Based on the hardware implementation of the program module, in order to implement the method according to the embodiment of the present invention, an electronic device (computer device) is also provided in the embodiment of the present invention. Specifically, in one embodiment, the computer device may be a terminal, and its internal structure diagram may be as shown in fig. 8. The computer apparatus includes a processor a01, a network interface a02, a display screen a04, an input device a05, and a memory (not shown in the figure) connected through a system bus. Wherein the processor a01 of the computer device is arranged to provide computing and control capabilities. The memory of the computer device includes an internal memory a03 and a nonvolatile storage medium a06. The nonvolatile storage medium a06 stores an operating system B01 and a computer program B02. The internal memory a03 provides an environment for running the operating system B01 and the computer program B02 in the nonvolatile storage medium a06. The network interface a02 of the computer apparatus is used for communicating with an external terminal through a network connection. The computer program is executed by the processor a01 to implement the method of any of the above embodiments. The display screen a04 of the computer device may be a liquid crystal display screen or an electronic ink display screen, and the input device a05 of the computer device may be a touch layer covered on the display screen, a key, a trackball or a touch pad arranged on a casing of the computer device, or an external keyboard, a touch pad or a mouse.

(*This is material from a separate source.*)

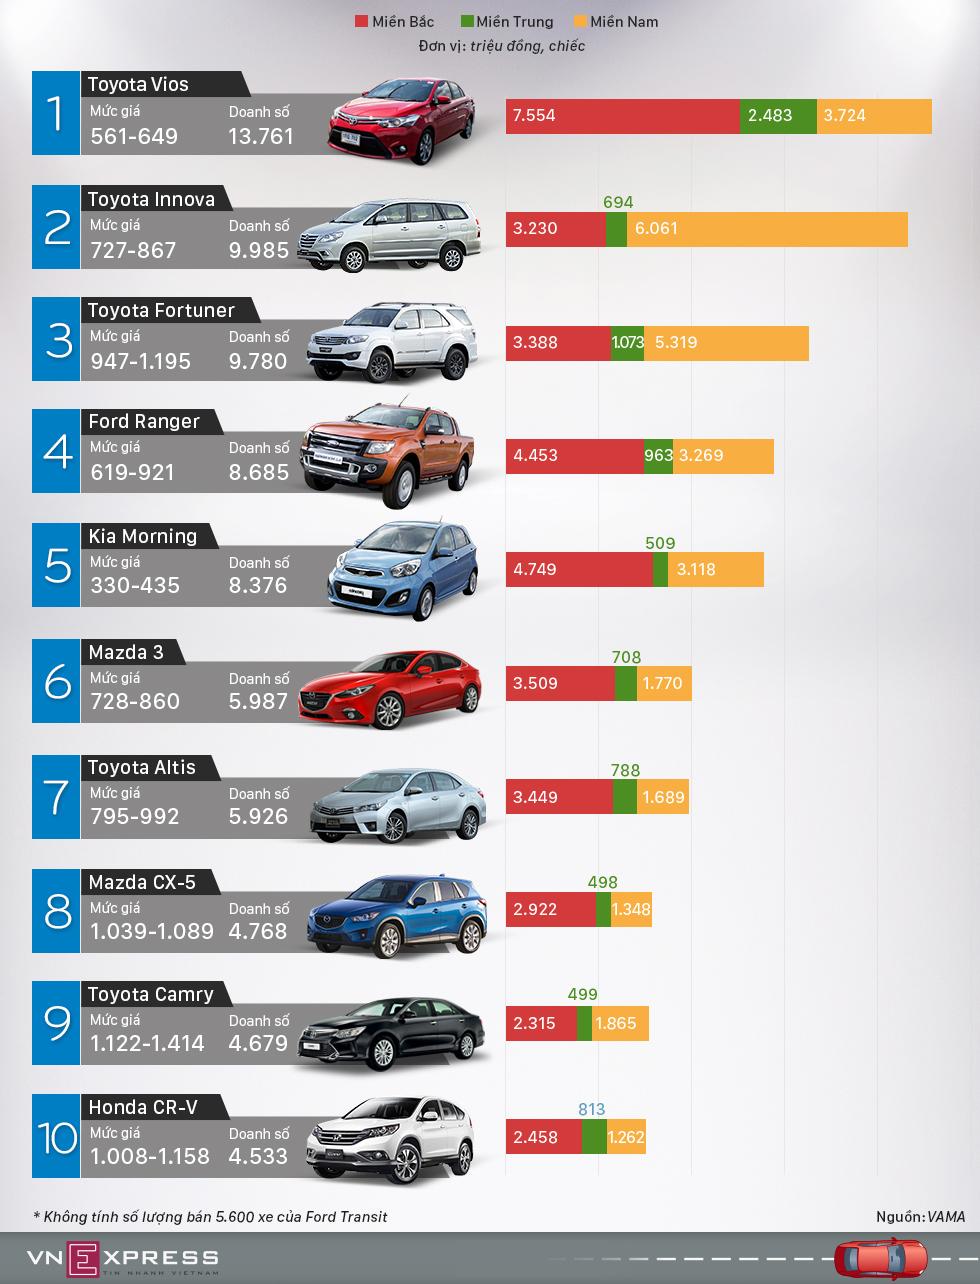 10 mẫu ôtô bán chạy nhất Việt Nam 2015

Those skilled in the art will appreciate that the architecture shown in fig. 8 is merely a block diagram of some of the structures associated with the disclosed aspects and is not intended to limit the computing devices to which the disclosed aspects apply, as particular computing devices may include more or less components than those shown, or may combine certain components, or have a different arrangement of components.
The device provided by the embodiment of the present invention includes a processor, a memory, and a program stored in the memory and capable of running on the processor, and when the processor executes the program, the method according to any one of the embodiments is implemented.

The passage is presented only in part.